══ DATA RECORDS
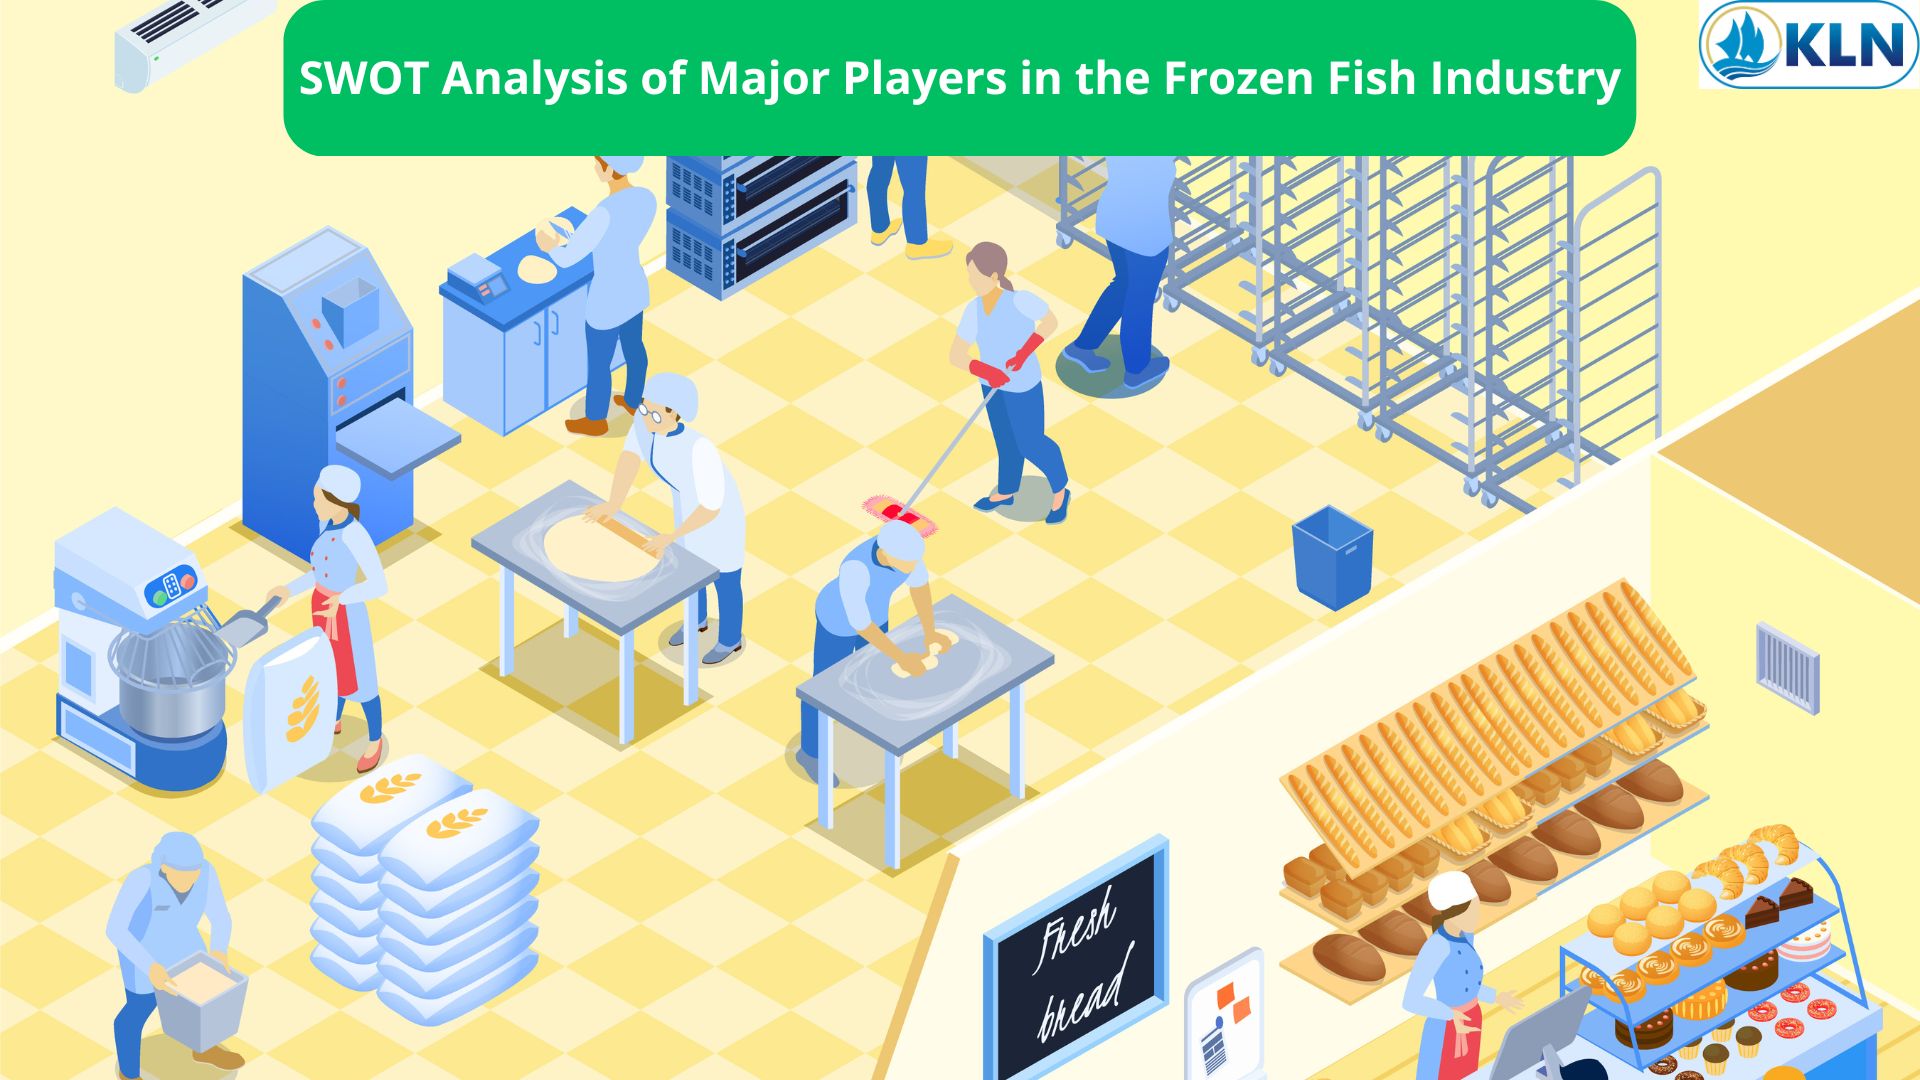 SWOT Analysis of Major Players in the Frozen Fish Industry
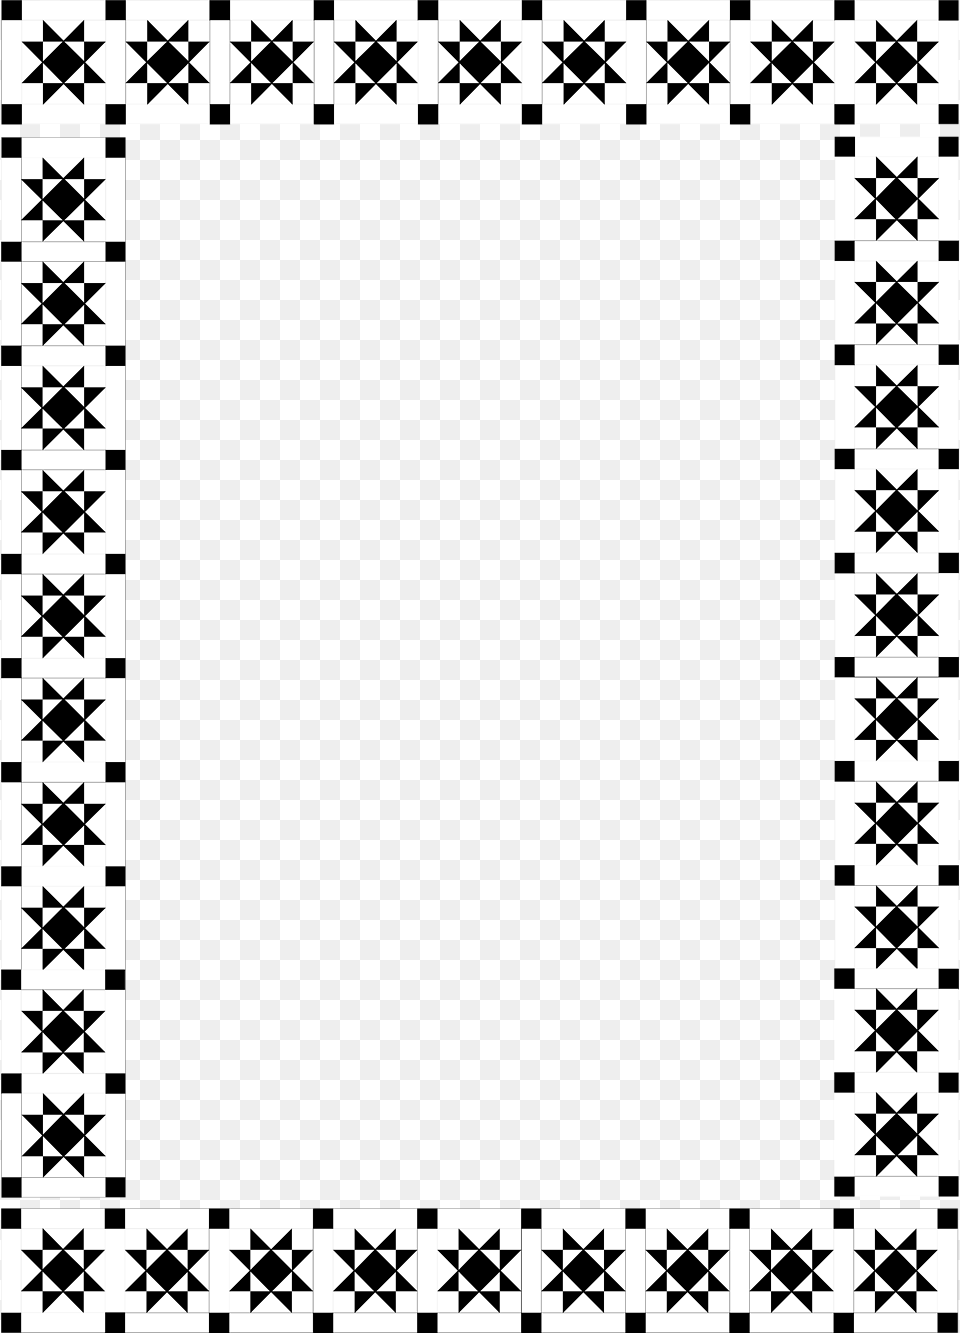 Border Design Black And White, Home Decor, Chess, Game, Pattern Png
════
══ DATA RECORDS
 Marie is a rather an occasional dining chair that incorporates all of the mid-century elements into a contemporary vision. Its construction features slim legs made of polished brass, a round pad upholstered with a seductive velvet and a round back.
════
**AIM OF THE EXERCISE**.
From the records above, copy only the lines running from the line containing "SWOT Analysis of" to the line containing "Border Design Black", both ends included. Leave the pictures out.

**COMPLETED EXERCISE**.
 SWOT Analysis of Major Players in the Frozen Fish Industry
 Border Design Black And White, Home Decor, Chess, Game, Pattern Png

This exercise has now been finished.